Misalkan saja penggunaan obat – obatan yang diberikan kepada ibu hamil dengan demam
tifus contohnya Ampisilin dan Amoxcisilin. Kedua obat ini memliki nama yang terdengar
sama dan digunakan untuk kasus yang sama tetapi memiliki perbedaan pada penggunaan
dosis dan efeknya. Pada Ampicilin digunakan 1gr/oral untuk 4xsehari. Dan Amoxicilin
1gr/oral untuk 3x sehari selama 14 hari. Dimana apabila terjadi kesalahan pemberian dosis
atau tertukarnya dosis kedua obat ini dapat memberika efek negativ pada janin dan ibunya.
Pada proses kelahiran memerlukan pemberian injeksi (untuk meningkatkan konstraksi
uterus), disini perawat juag harus meningkatkan kewaspadaan 6 benar. Pada masa postnatal
diberikan obat – obatan pengontrol nyeri pasca bedah contohnya Paracetamol 500mg/oral
sesuai yang dibutuhkan.
SKP4. Tepat – lokasi, Tepat Prosedur, Tepat pasien operasi
Penerapan SKP 4 lebih ditekankan pada masa intranatal khususnya pada prosedur sectio
ceasaria. Pada prosedur ini perawat dan tim kesehatan yang bertuagas harus memastikan
pasien yang akan di operasi dan tindakan apa yang akan dilakukan. Hal – hal yang perlu
dilakukan sebelum operasi sectio ceasaria :
• Memverifikasi lokasi, prosedur, dan pasien yang benar;
• Memastikan bahwa semua dokumen, foto (imaging), hasil pemeriksaan sepert USGyang
relevan tersedia, diberi label dengan baik, dan dipampang;
• Lakukan verifikasi ketersediaan setiap peralatan khusus dan/atau implant-implant yang
dibutuhkan.
Penilaian SKP 4. Pada keperawatan Maternitas
• Rumah sakit menggunakan suatu tanda yang jelas dan dapat dimengerti untuk
identifikasi lokasi operasi dan melibatkan pasien di dalam proses penandaan.

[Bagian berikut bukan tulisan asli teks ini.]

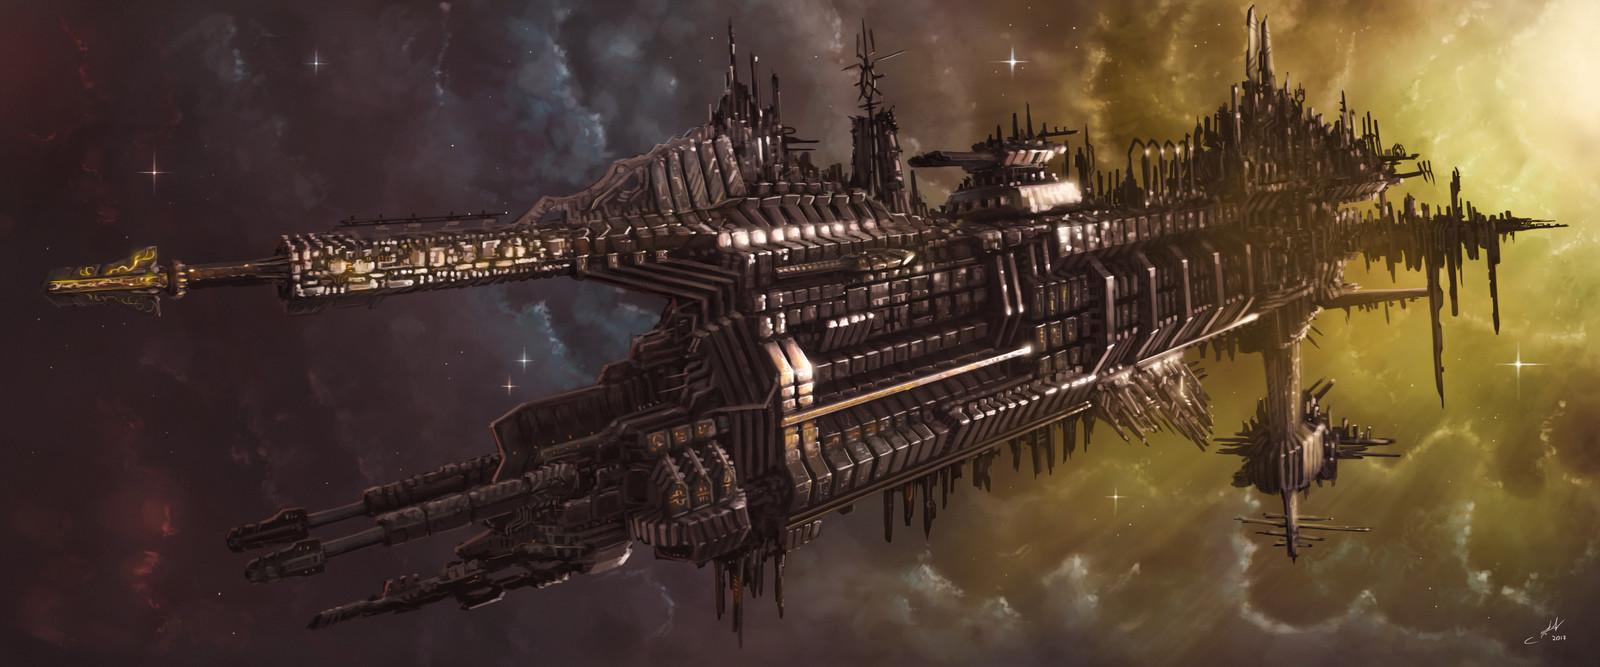 Epic Spaceship
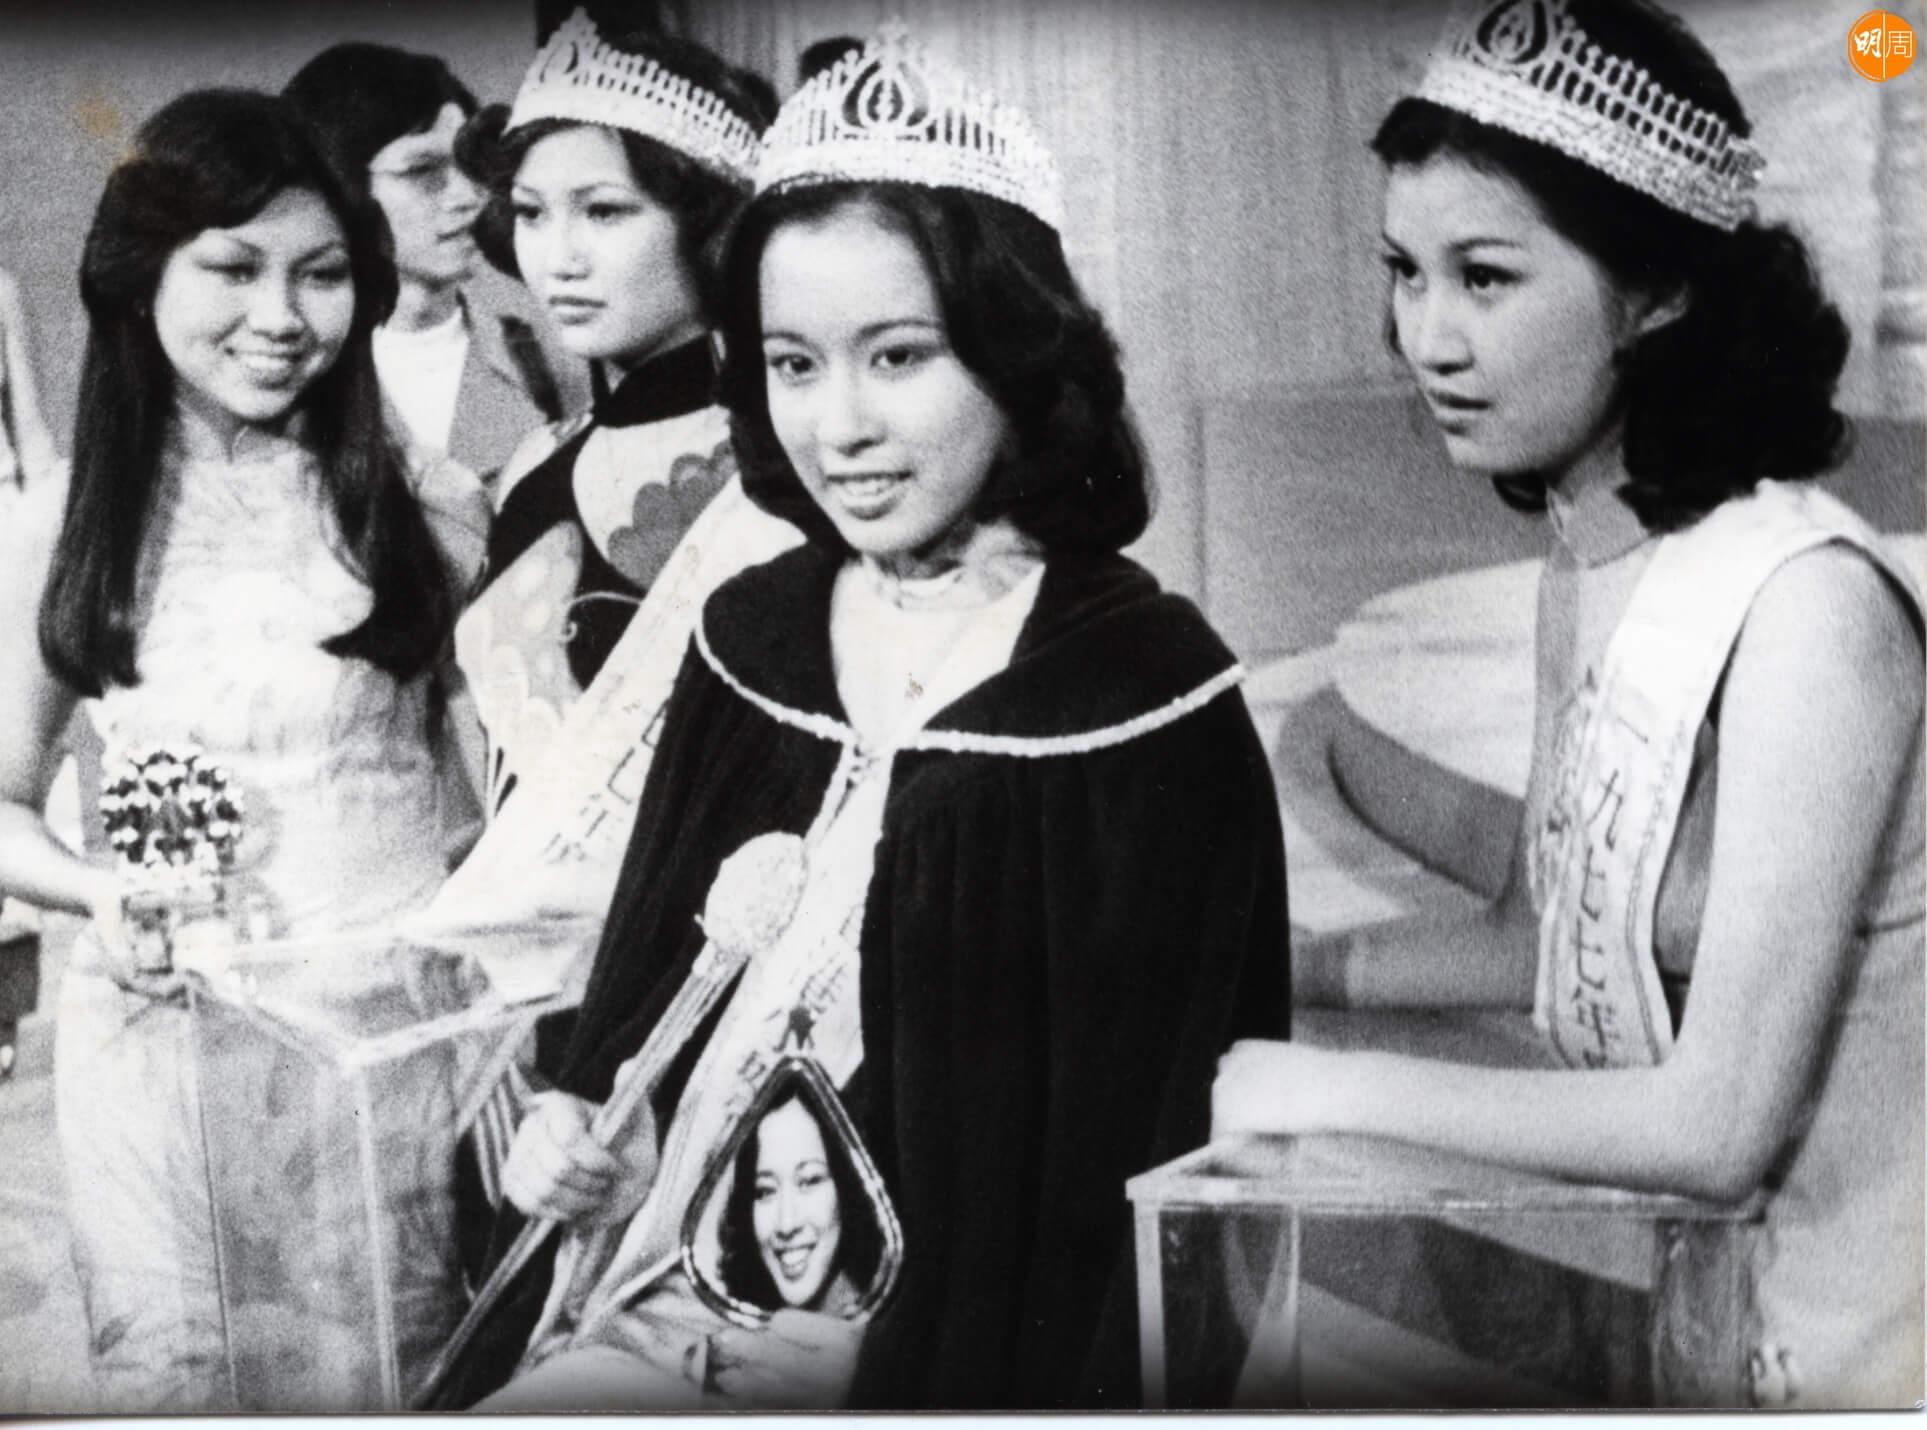 朱玲玲於1977年參加香港小姐

• Rumah sakit menggunakan suatu checklist atau proses lain untuk memverifikasi saat
preoperasi tepat lokasi, tepat prosedur, dan tepat pasien dan semua dokumen serta peralatan
yang diperlukan tersedia, tepat, dan fungsional.
• Tim operasi yang lengkap menerapkan dan mencatat prosedur “sebelum insisi / time-
out” tepat sebelum dimulainya suatu prosedur / tindakan pembedahan.
• Kebijakan dan prosedur dikembangkan untuk mendukung keseragaman proses untuk
memastikan tepat lokasi, tepat prosedur, dan tepat pasien, termasuk prosedur medis.
Langkah dan Prosedur SKP.4 dalam Penerapannya Pada Keperawatan Maternitas
Khususnya Pada Sectio Ceasaria
Sesuai dengan sepuluh sasaran dalam safety surgery (WHO 2008). Yaitu:
1).Tim bedah akan melakukan operasi pada pasien dan posisi janin di dalam perut ibu.
2).Tim bedah akan menggunakan metode yang sudah di kenal untuk mencegah bahaya dari
pengaruh anastesi, pada saat melindungi pasien dari rasa nyeri.
3).Tim bedah mengetahui dan secara efektif mempersiapkan bantuan hidup dari adanya
bahaya kehilangan atau gangguan pernafasan pada saat proses kelahiran maupun sesudah
proses kelahiran.
4).Tim bedah mengetahui dan secara efektif mempersiapkan adanya resiko kehilangan darah.
5).Tim bedah menghindari adanya reaksi alergi obat dan mengetahui adanya resiko alergi
obat pada pasien.
6).Tim bedah secara konsisten menggunakan metode yang sudah dikenal untuk
meminimalkan adanya resiko infeksi pada lokasi operasi.
7).Tim bedah mencegah terjadinya tertinggalnya sisa kasa dan instrument pada luka
pembedahan.
8).Tim bedah akan mengidentifikasi secara aman dan akurat, specimen (contoh
bahan)pembedahan.
9).Tim bedah akan berkomunikasi secara efektif dan bertukar informasi tentang hal-hal
penting mengenai pasien untuk melaksanakan pembedahan yang aman.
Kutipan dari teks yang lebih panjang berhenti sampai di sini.